In the present experiment, we varied the number of distractors in the visual display (defining the conditions in our experiment) to obtain visual and haptic tasks with comparable search times. In the haptic search task, there was always only one item: the target. Since visual search is obviously faster, when there is only one item, we added distractors in the visual search task to gradually switch from conditions in which visual search is faster to ones in which haptic search is faster. In the combined search task, the visual and haptic stimuli were presented together. The stimuli in the combined task were the same as those used in the visual and haptic tasks, and designed in such a way that the target was at the same position for both modalities.

Performance in the combined search task is unlikely to be worse than for both modalities separately, because participants could only rely on one modality (for instance by not moving their hand or closing their eyes), and if they do consider the other modality, it will always provide consistent information, so doing so will not interfere with the performance based on the original modality. On the other hand, the fact that they can use both their eyes and their hand to find the target might be advantageous: the search times for the combined task may on average be shorter than the search times for the purely visual or haptic task. We will consider three simple search strategies that may speed up the search, and will discuss more complicated strategies after presenting the data.

Many studies suggest that human sensorimotor behaviour is optimal. Optimal behaviour has been reported for planning movements of the hand (Todorov 2004; Trommershäuser et al. 2005; Wolpert 2007) as well as of the eye (Najemnik and Geisler 2005; Munuera et al. 2009). Many recent reports in the sensory domain also favour optimal combination of information (Ernst and Banks 2002; Faisal and Wolpert 2009; Muller et al. 2009). One might therefore expect that when searching with eye and hand together, the performance would be based on an optimal movement plan combined with optimal sensory processing.
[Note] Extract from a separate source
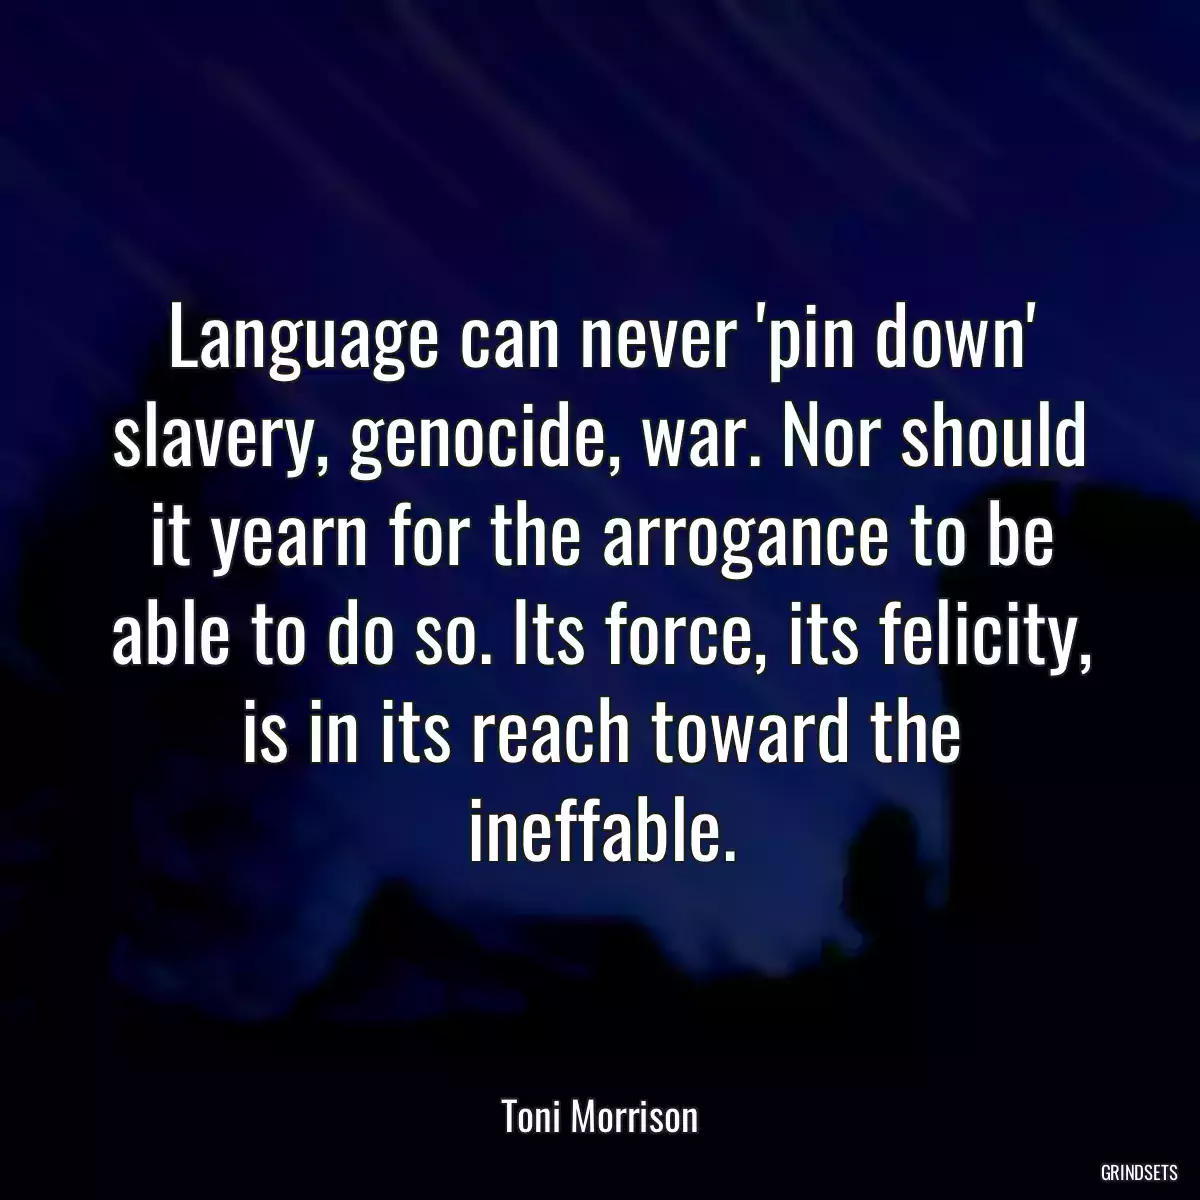 Language can never \'pin down\' slavery, genocide, war. Nor should it yearn for the arrogance to be able to do so. Its force, its felicity, is in its reach toward the ineffable.

We will model the optimal strategy for the present task (Optimal model) as the eyes examining one part of the display and the hand examining the rest of the display. This model assumes that each effector searches a different part of space and that the division of space is made independent of any information about the stimulus. Such a division of the area between hand and eye is not optimal if items are in a limited part of the field, because both modalities could neglect areas in which we more or less instantaneously register (in the visual periphery) that there are no items. Such a strategy could yield even shorter combined search times than our Optimal model predicts.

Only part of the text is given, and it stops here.